Pay your mortgage & grab your scuba gear

Good morning everyone!

I have some not very good news to report. Santa Ana, California’s First American CoreLogic is reporting that 23% of homeowners in the U.S., or a staggering 10.7 million households, owe more on their house than the house is worth!! What’s more, as I reported yesterday, home prices continue to fall as home sellers keep dropping their prices to sell their houses. [If ever there were a buyer’s market, this is it.]

Clearly this is not a good thing and bodes extremely ill for the economy and especially for investing in the financial markets. Like it or not, one of the big sources for a soaring stock market is people feeling good about themselves and about their finances. In the credit/real estate bubble many people were taking excess risk in their investments by willing to pay crazy prices for both homes, stocks and mutual funds. Why? Because many people knew their approximate net worth as it stood on paper. This fueled over confidence which fed a lift off in asset prices which fueled yet more over confidence. Unfortunately, the reverse is also now possibly true.

What causes a rise in asset prices? Demand for those assets above the supply of those assets. There are only so many stocks, bonds and houses to invest in. So our focus should be on the demand for those assets. What drives that? Typically it is excess funds. Where do those funds come from? A raise or bonus at work, an inheritance, lower monthly expenses garnered by refinancing your house, more cash freed up by a home equity loan, etc.
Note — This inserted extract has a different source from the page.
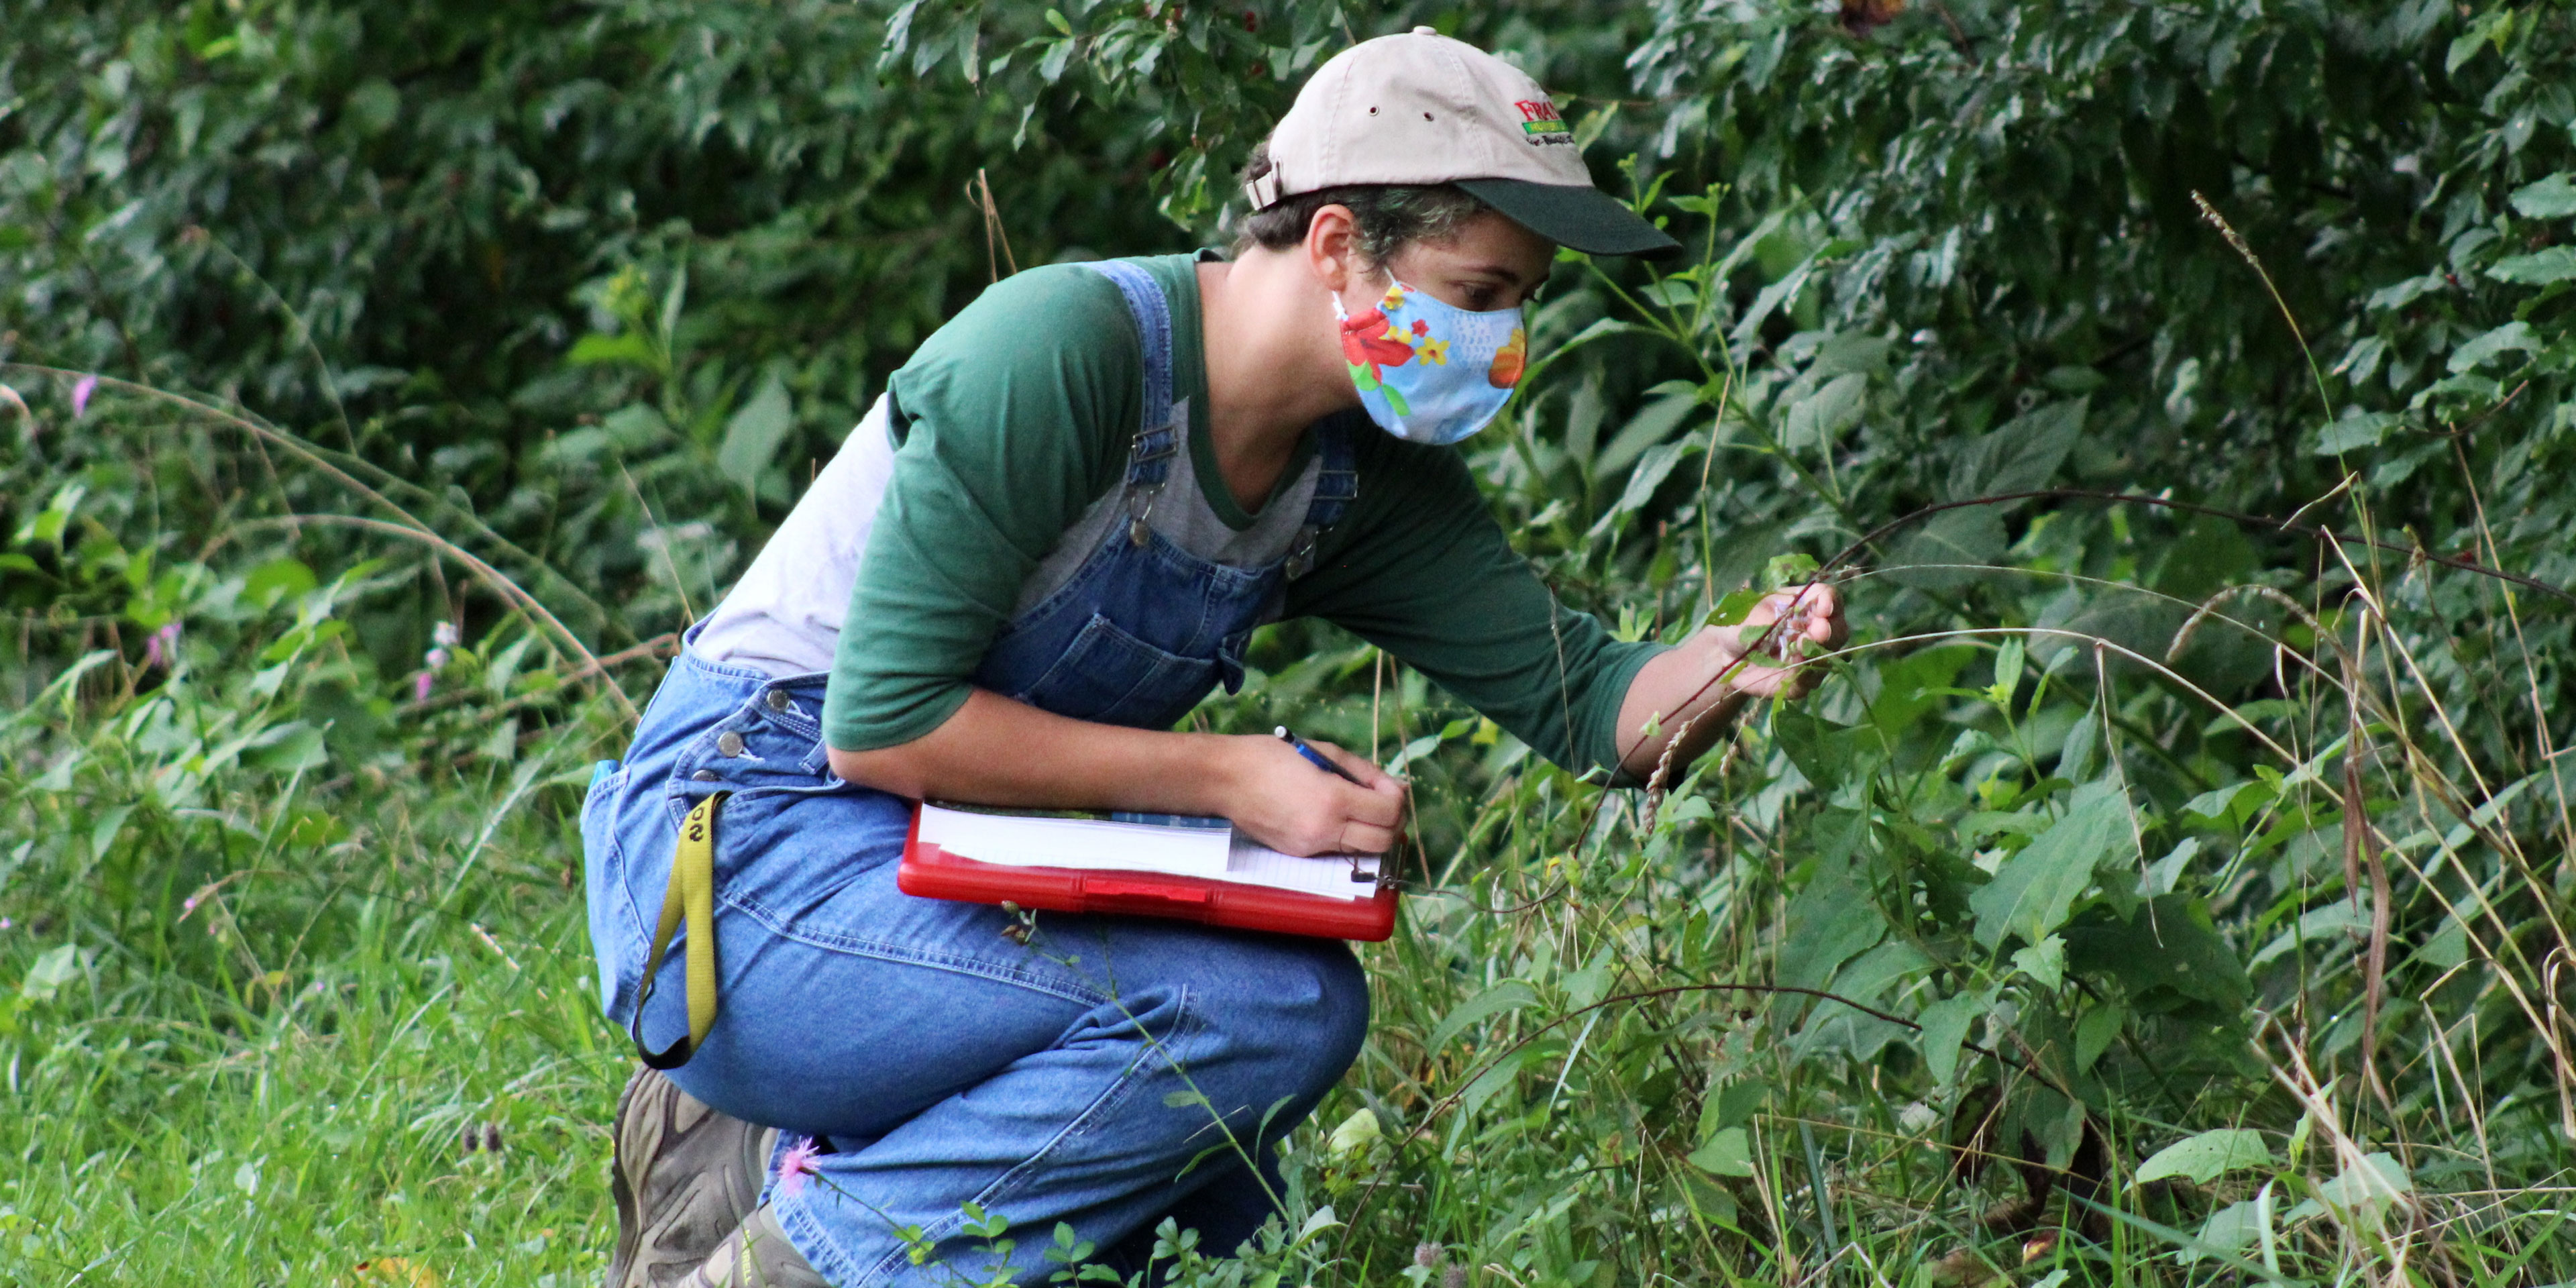 A young woman wearing a face mask outside crouches down and examines a plant with one hand while holding a pen and clipboard in the other.

The two biggies can be roughly characterized as: work and mortgage. So where does the U.S. economy stands with those two sources of excess liquidity?

Unemployment is hovering around 10.0%. But even if you aren’t unemployed rationality dictates that you have to be concerned and careful about your job performance and your spending until the unemployment situation improves, yes? That means that raise and that bonus are likely going to pay off debts or into savings accounts, not into stocks.

Today’s news about 23% of U.S. households being underwater on their mortgages is clear evidence that no new borrowing is really going to be taking place for quite sometime by these unfortunate folks.

Yet the stock market is partying like its 2006-2007 all over again. True overall valuations stand at a P/E of about 15x vs. around 29x in that era, but 15x is at the upper end of rationality at this juncture. My point is that there continues to be very shaky news about the health of the U.S. economy. I felt that equities were a screaminfriggin‘ buy in March, but right now I would be very, very, very selective.

Dark spectres still loom over the economy:

1. Unemployment of 10%.

2. The number of negative equity homes in the U.S. stands at 23%.

3. The lack of revenue growth of U.S. corporations – all profit growth is coming from cost cuts. The problem is that one company’s cost cut is another company’s lost revenue or a household’s lost paycheck.

4. Rising commodities prices are a damper on profits. And the threat of war with Iran still is a possibility.

5. A distracted Congress still not fully addressing reform of business practices and better regulation.

6. Over reliance on foreign debtors to finance the U.S. economy, especially consumer spending.

I could go on, but except for #4 these are big, big structural problems that require aggressive effort to rectify. In conclusion: I am no bull right now on U.S. equities.